Chronic thromboembolic pulmonary hypertension in Spain: a decade of change

Paula Martínez-Santosa, María Teresa Velázquez-Martínb, Joan Albert Barberác,d, Cristina Fernández Péreze, Manuel López-Meseguerf,g, Raquel López-Reyesh, Amaya Martínez-Meñacai, Antonio Lara-Padrónj, Juan Antonio Domingo-Morerad, Isabel Blancoc,g, Pilar Escribano-Subíasb,k,, on behalf of REHAP investigators

Servicio de Cardiología, Hospital Universitario Puerta de Hierro Majadahonda, Majadahonda, Madrid, SpainUnidad de Hipertensión Pulmonar, Servicio de Cardiología, Hospital Universitario 12 de Octubre, Madrid, SpainServicio de Neumología, Hospital Clínic, Instituto de Investigaciones Biomédicas August Pi i Sunyer (IDIBAPS), Universidad de Barcelona, Barcelona, SpainServicio de Neumología, Hospital Universitario Miguel Servet, Zaragoza, SpainServicio de Medicina Preventiva, Hospital Universitario San Carlos, Madrid, SpainServicio de Neumología, Hospital Universitario Vall d’Hebron, Barcelona, SpainCentro de Investigación Biomédica en Red Enfermedades Respiratorias (CIBERES), Madrid, SpainServicio de Neumología, Hospital Universitario La Fe, Valencia, SpainServicio de Neumología, Hospital Universitario Marqués de Valdecilla, Santander, Cantabria, SpainServicio de Cardiología, Hospital Universitario de Canarias, Sta. Cruz de Tenerife, SpainCentro de Investigación Biomédica en Red Enfermedades Cardiovasculares (CIBERCV), Madrid, Spain

Received 2 December 2019, Accepted 25 May 2020, Available online 9 July 2020.


Background: Chronic thromboembolic pulmonary hypertension (CTEPH) treatment has evolved over the last decade. Increasing evidence regarding new therapeutic developments has shown clinical benefit among these patients in different scenarios. However, there is scarce information about the long-term impact of these achievements in a real-life population on a national scale.
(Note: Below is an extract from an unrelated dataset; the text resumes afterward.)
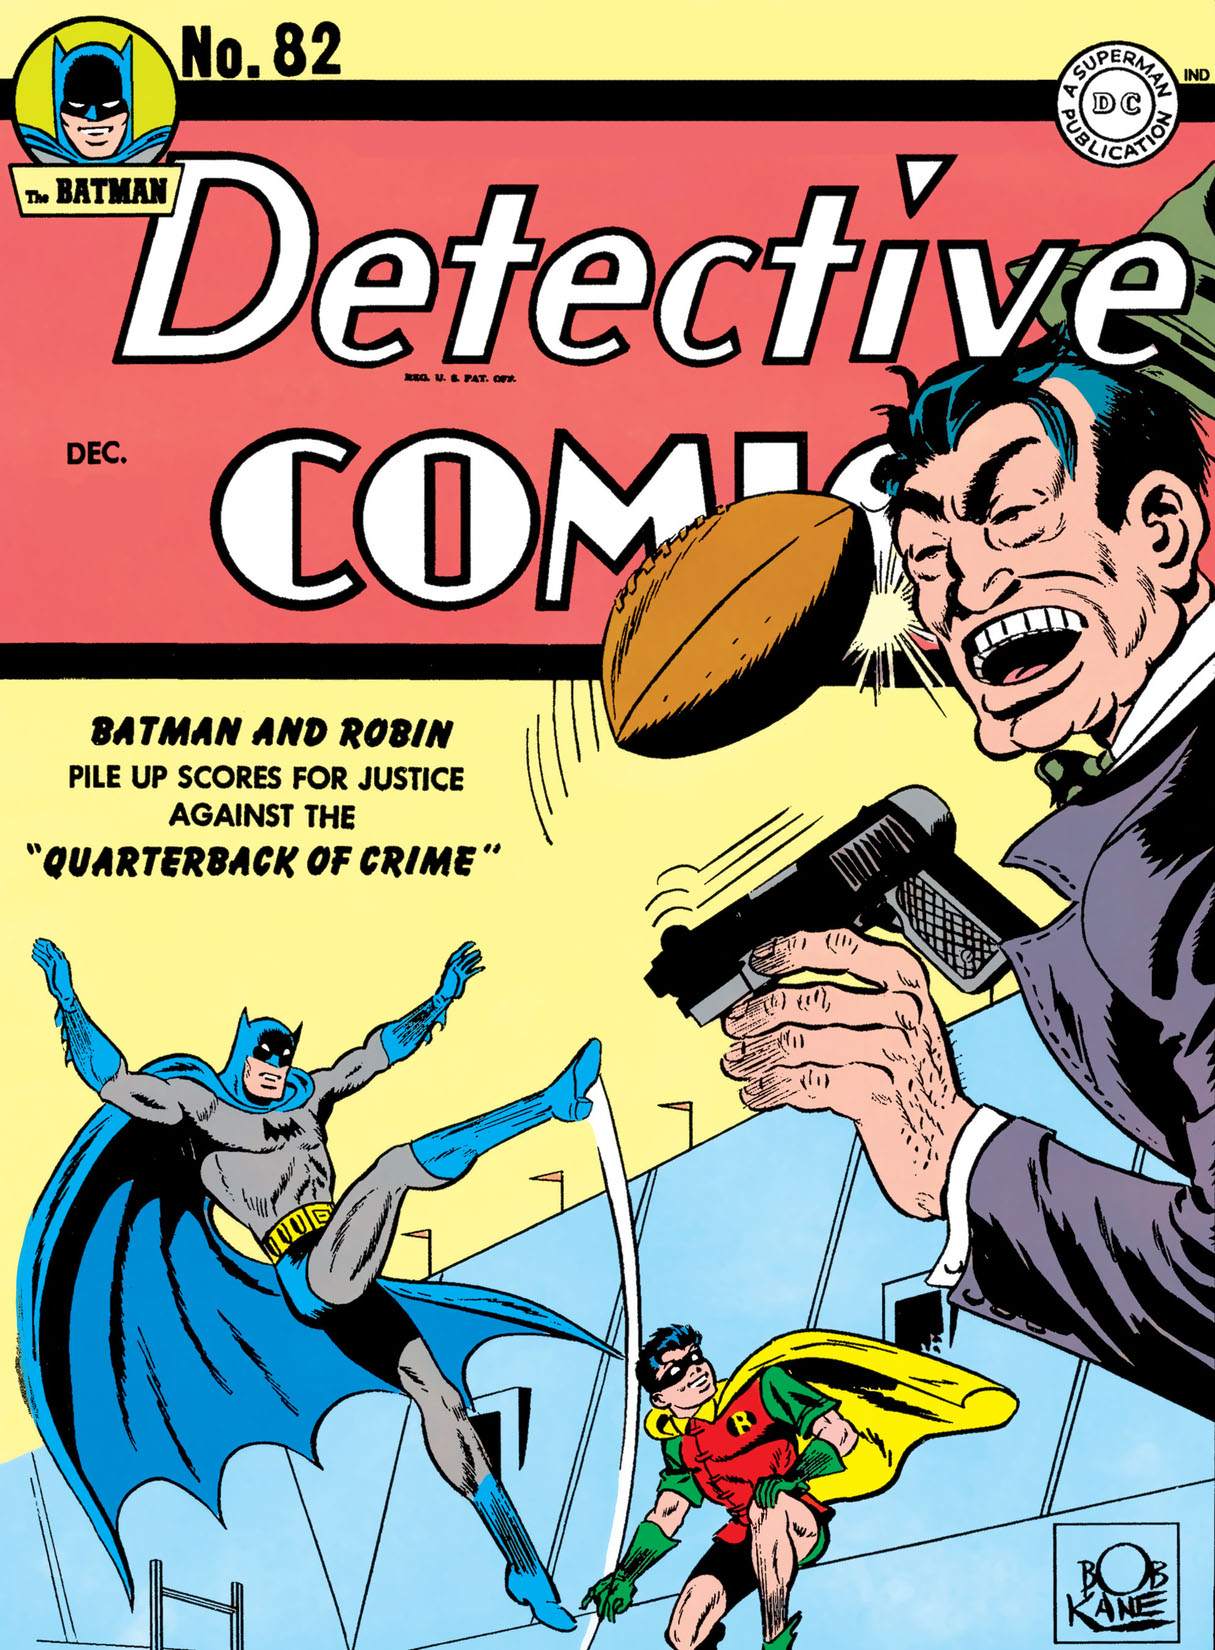 Detective Comics (1937-) #82 preview images

We aimed to analyze the evolution of CTEPH assistance in Spain from 2007 to 2017.

Methods: We prospectively collected epidemiological, clinical and prognostic data from CTEPH patients consecutively included in the Spanish REHAP registry from January 1, 2007, to December 31, 2017. We evaluated differences across time, establishing 2013 as the referral date for analysis. Clinical and all-cause mortality data were gathered during this period.  

Results: Eight hundred thirteen patients were included. The CTEPH reported incidence in Spain increased from 1.02 in 2007 to 2.4 per million individuals in 2017. Overall, 245 (30.1%) patients were selected for surgery and 52 (6.4%) for percutaneous treatment. Out of the 813 patients, 537 (66%) were referred to an expert PH-center. Baseline functional capacity and the need for treatment with prostacyclin analogs associated a worse prognosis. Likewise, patients diagnosed between 2007 and 2012 died more frequently than those diagnosed 2013 onward (HR 6.06; CI 95% 4.04-9.10, p<0.0001). Survival rates of patients who underwent an invasive procedure (pulmonary thrombendarterectomy or balloon pulmonary angioplasty) were remarkably high (87.1% and 94.3% at 5 years, respectively).

Conclusions Over the last decade, CTEPH diagnosis and prognosis have consistently improved. Baseline disease severity determined the risk profile. Patients who underwent pulmonary thrombendarterectomy or balloon pulmonary angioplasty associated with a better outcome.